Les nourrices et nourriciers se retirent.
Air : Ahi, ahi, Jeannette
Il dort bien tranquillement ;
Ce héros est sans défense ;
Levant le bras pour l’immoler.
Je vais glorieusement
Le tuer sans qu’il y pense.
Ahi, ahi, ahi...
Air : Non, je ne veux pas rire
Malgré moi je soupire,
Pourtant je ne veux pas rire ;
Non, non, je ne veux pas rire,
Non,
Non, non, je ne veux pas rire.
Air : Un mouvement de curiosité
Queuqu’chos’ pourtant m’engage à satisfaire
Un mouvement de curiosité.
Allons un peu plus près de ce téméraire
Voir, quand il dort, s’il conserve sa fierté !
On se permet, quand on n’a point d’cher’mère,
Un mouvement de curiosité.
Air : Ah ! Madame Anroux
Mais ? ... queuqu’c’est donc qu’ça ?
Portant la main à son cœur.
Mais ? ... queuqu’c’est donc qu’ça ?
Je d’viens comme un’ braise.
Oh ! oh ! ah ! ah ! mais, mais, mais,
Mais ? ... queuqu’c’est donc qu’ça ?
Je d’viens comme un’ braise !
C’est plus brûlant qu’ça.
Laissant tomber le couteau.
Air : Ah ! voilà la vie
Laissons-lui la vie, la vie, la vie ;
Laissons-lui la vie,
La mienne en dépend.
Dieux ! quelle folie,
Quel aveuglement
Me donnait l’envie
De tuer ce pauvre enfant ?
Laissons-lui la vie, etc.
Oh ! oui, oui, je vais commencer par m’en faire aimer, et après cela, je tâcherai de le haïr.
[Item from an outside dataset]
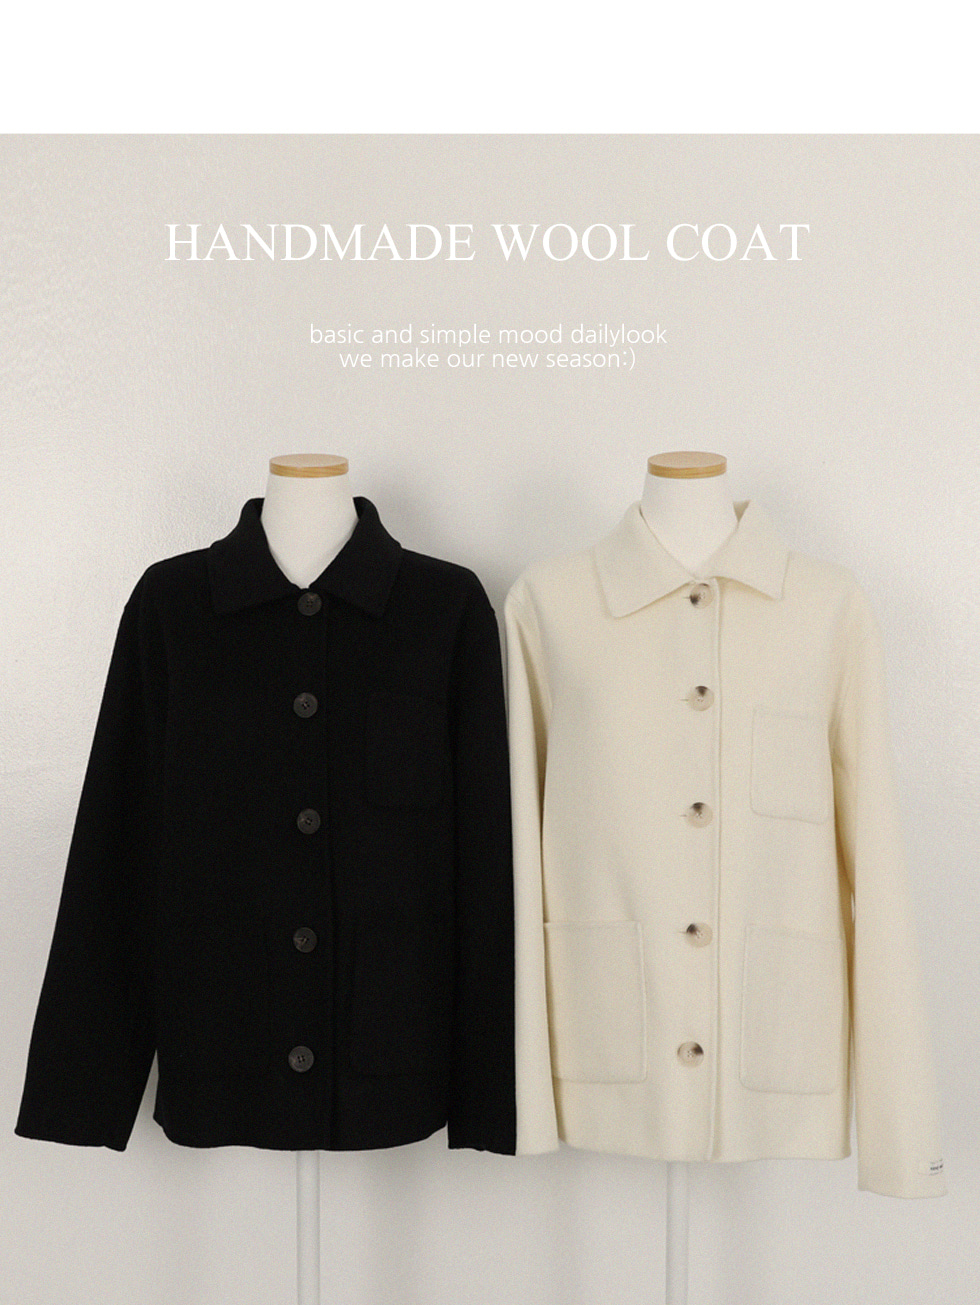 Roche wool coat (70% wool/2color)

Mais commençons toujours par le premier point, nous verrons l’autre après.
Air : En revenant de Saint-Germain
Venez, secondez mes désirs !
Démons, changez-vous en Zéphyrs !
Prenez l’objet de mes soupirs.
Vous m’entendez bien ?
Vous le voyez bien ?
definitacteur, Chœur de démons chœurdemons
chœurdemons, habillés en Zéphyrs
Où l’mèn’rons-nous, ma commère ?
Où l’mèn’rons-nous, pour qu’il soit bien ?
armide
Si je le mène en mon jardin ?
Il y sera vu du voisin,
Peut-être y fera-t-il du train !
Car c’est un vaurien.
Vous m’entendez bien ?
chœur
Où l’mèn’rons-nous, ma commère ?
Où l’mèn’rons-nous, pour qu’il soit bien ?
armide
Air : Allons à la guinguette
Que sans retard
On nous mène en cachette
Sur le rempart,
Où j’ai ma maisonnette !
C’est où nous souperons.
Allons !
Démons !
Allons à ma guinguette !
Allons !
chœur
Allons !
Allons !
Allons à sa guinguette !
Allons !
Les démons enlèvent Armide et Renaud.
finacte
Acte ii
Le théâtre représente le laboratoire d’Armide.
Scène i
Armide seule
armide
Air : Mon papa me l’avait bien dit
Mon bon oncle l’avait bien dit,
Le cœur a son dit et dédit.
L’Amour est un petit sorcier
Qui, bien mieux que moi, sait son métier.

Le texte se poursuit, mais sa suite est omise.